TApplencourt avatar Mar 30 '22 16:03 TApplencourt

@TApplencourt are you sure omp_get_interop_ptr returns ze_device_handle_t? We have a similarly simple test and it passes: https://github.com/intel/llvm-test-suite/blob/intel/SYCL/Plugin/interop-level-zero.cpp

Your example is sycl -> L0 -> sycl. There are likely implicit things in SYCL making it pass. We need real interop to work between OpenMP and SYCL.

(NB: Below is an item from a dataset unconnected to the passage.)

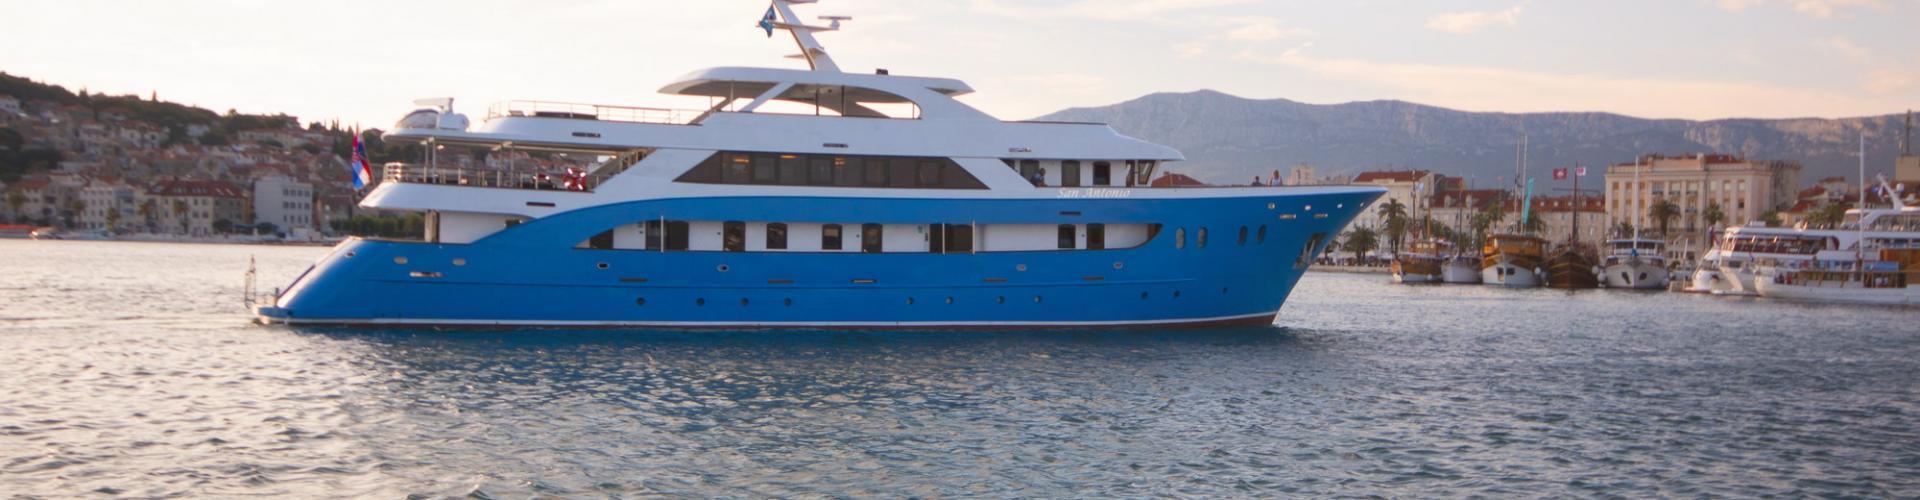 barca a motore Deluxe nave da crociera MV Antonio

ye-luo avatar Mar 30 '22 18:03 ye-luo

Correct what we want in a perfect world is:

#include <sycl/sycl.hpp>
#include <omp.h>

int main() {
  omp_interop_t o = 0;
  #pragma omp interop init(targetsync: o)
  int err = -1;
  const auto hPlatform = static_cast<pi_native_object>(omp_get_interop_ptr(o, omp_ipr_platform, &err));
  assert (err >= 0 && "omp_get_interop_ptr(omp_ipr_platform)");
   #pragma omp interop destroy(o)
  sycl::device D = sycl::make_device<sycl::backend::ext_oneapi_level_zero>(hDevice);
  return 0;
}

TApplencourt avatar Mar 30 '22 18:03 TApplencourt

key requirement is to avoid

  1. any explicit L0 types like ze_device_handle_t. This should be hidden by pi_native_object and enums.
  2. any non standard APIs.

ye-luo avatar Mar 30 '22 19:03 ye-luo

@TApplencourt it would be nice to have such a SYCL & OpenMP interop example for the SYCL presentation! :-)

keryell avatar Apr 01 '22 21:04 keryell

To please @keryell I did more tests, who seem to have discovered a few new bugs. @alexbatashev should I open new tickets for those? I can also prepare a longer write-up if useful.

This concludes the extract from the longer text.